BASED ON RECENT DYNAMICAL MODEL GUIDANCE, A STRONG RIDGE IS EXPECTED TO DEVELOP OVER WESTERN NORTH AMERICA DURING THE FIRST TWO WEEKS OF THE MONTH. A TROUGH IS PREDICTED DOWNSTREAM OF THIS RIDGE OVER CENTRAL NORTH AMERICA IN GUIDANCE FOR THE OUTLOOK FOR WEEKS 1 AND 2. THIS CIRCULATION PATTERN IS PREDICTED TO BRING BELOW NORMAL TEMPERATURES FOR THE NORTHERN CENTRAL CONUS AND MUCH OF THE EASTERN CONUS FROM THE CENTRAL MISSISSIPPI VALLEY, ACROSS THE OHIO VALLEY TO THE CHESAPEAKE BAY, AS WELL AS ACROSS THE GREAT LAKES REGION AND INTO THE NORTHEAST. FORECASTS FOR THE FIRST HALF OF FEBRUARY LEAD TO INCREASED PROBABILITIES OF BELOW NORMAL AVERAGE TEMPERATURES FOR THE MONTH, WITH THE GREATEST PROBABILITIES OVER PARTS OF THE NORTHERN PLAINS/UPPER MISSISSIPPI VALLEY, WHERE TEMPERATURES ARE PREDICTED TO BE MUCH BELOW NORMAL IN THE FIRST WEEK OF THE MONTH. ABOVE NORMAL TEMPERATURES ARE LIKELY FOR MOST OF THE WEST, WHERE A RIDGE AND ABOVE AVERAGE 500-HPA HEIGHTS ARE PREDICTED TO PERSIST THROUGH MOST OF THE MONTH, INCLUDING GUIDANCE FROM NCEP GEFS, CFS AND ECMWF MODELS. ABOVE NORMAL TEMPERATURES CONTINUE TO BE MOST LIKELY FOR THE GULF COAST REGION AND SOUTHEAST, HOWEVER PROBABILITIES HAVE BEEN REDUCED IN THE MONTHLY UPDATE DUE TO THE INCREASED PROBABILITIES OF BELOW NORMAL EARLY IN THE MONTH. DYNAMICAL MODELS INDICATE BELOW NORMAL TEMPERATURES ARE MOST LIKELY OVER SOUTHEASTERN ALASKA DURING THE FIRST WEEK OF FEBRUARY, HOWEVER BY WEEK 2 TEMPERATURES ARE PREDICTED TO BE ABOVE NORMAL IN THIS REGION. THE GREATER SKILL OF FORECASTS FOR SHORTER LEAD TIMES LEADS TO INCREASED PROBABILITIES FOR BELOW NORMAL AVERAGE TEMPERATURES FOR THE MONTH OVER SOUTHEASTERN ALASKA AND THE ALASKA PANHANDLE. ABOVE NORMAL TEMPERATURES CONTINUE TO BE MOST LIKELY FOR WESTERN AND NORTHERN ALASKA FOR THE MONTH OF FEBRUARY AS INDICATED BY MODEL GUIDANCE FROM THE CFS.

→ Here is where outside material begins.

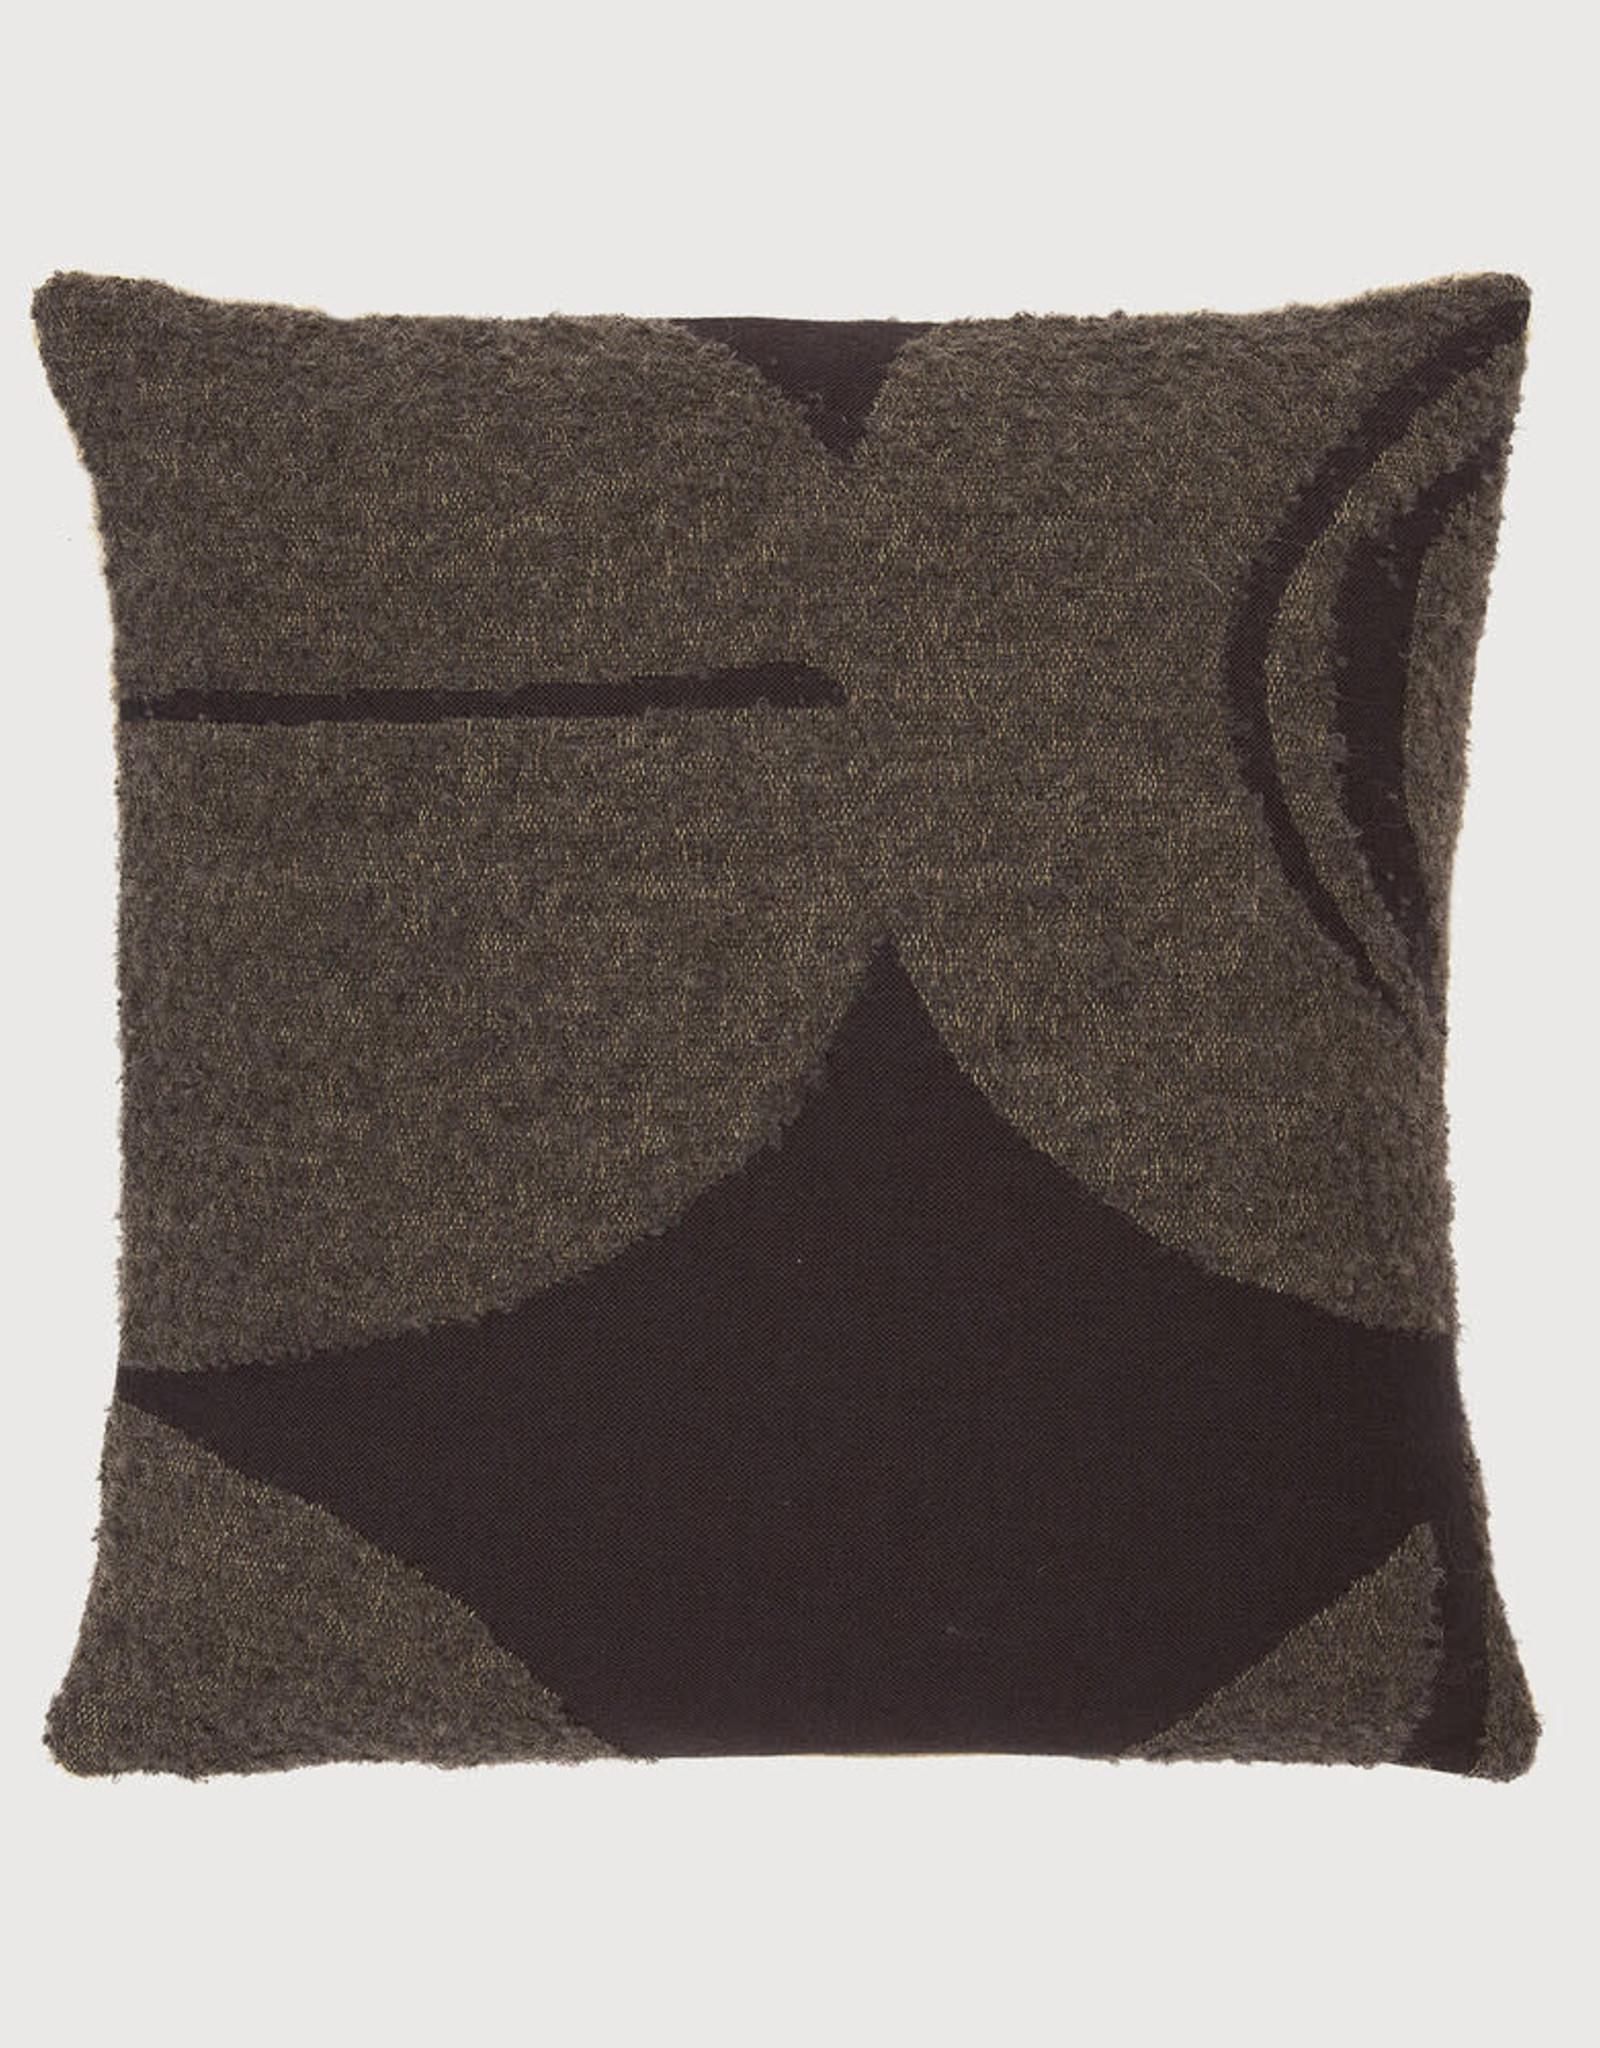 Moro Orb Square Cushion

THE UPDATE TO THE FEBRUARY PRECIPITATION OUTLOOK INDICATES CHANGES RELATED TO DYNAMICAL MODEL GUIDANCE, WHERE GREATER WEIGHT IS GIVEN TO FORECASTS FOR THE FIRST TWO WEEKS, GIVEN THE DROP IN SKILL OF PRECIPITATION FORECASTS WITH GREATER LEAD TIME. ABOVE MEDIAN PRECIPITATION IS MOST LIKELY FOR MUCH OF THE EASTERN CONUS DURING THE FIRST WEEK OF THE MONTH, FROM THE CENTRAL GULF COAST TO THE NORTHEAST. BELOW MEDIAN PRECIPITATION IS MOST LIKELY FOR MUCH OF THE WESTERN CONUS AND SOUTHERN PLAINS DURING THE EARLY PART OF THE MONTH. THESE FORECASTS FOR THE FIRST HALF OF THE MONTH ARE BLENDED WITH THE HALF-MONTH LEAD PRECIPITATION OUTLOOK, WHICH INDICATES THE AVERAGE IMPACTS OF LA NINA FOR FEBRUARY. THE UPDATE TO THE FEBRUARY PRECIPITATION OUTLOOK INDICATES INCREASED PROBABILITIES OF BELOW MEDIAN PRECIPITATION FOR MUCH OF THE WEST, FROM SOUTHERN OREGON ACROSS NEVADA INTO THE SOUTHWEST, AS INDICATED BY RECENT MODEL GUIDANCE. PROBABILITIES FOR BELOW MEDIAN PRECIPITATION FOR THE SOUTHEAST HAVE DECREASED FROM THE PRIOR OUTLOOK, WITH ABOVE MEDIAN PRECIPITATION MORE LIKELY EARLY IN THE MONTH. PROBABILITIES OF ABOVE MEDIAN PRECIPITATION ARE INCREASED FOR THE NORTHERN PLAINS FROM EASTERN MONTANA TO MINNESOTA, AND REDUCED FOR AREAS OF THE NORTHERN ROCKIES, FOLLOWING MODEL FORECASTS FOR WEEKS 1 AND 2. INCREASED  PROBABILITIES FOR ABOVE MEDIAN PRECIPITATION CONTINUE FOR THE NORTHEAST, EXTENDING FURTHER SOUTH ALONG THE ATLANTIC COAST. THE FEBRUARY PRECIPITATION OUTLOOK FOR ALASKA IS SIMILAR TO THE HALF-MONTH LEAD OUTLOOK, WITH AN INCREASE IN THE PROBABILITIES OF ABOVE MEDIAN PRECIPITATION FOR THE ALASKA PANHANDLE.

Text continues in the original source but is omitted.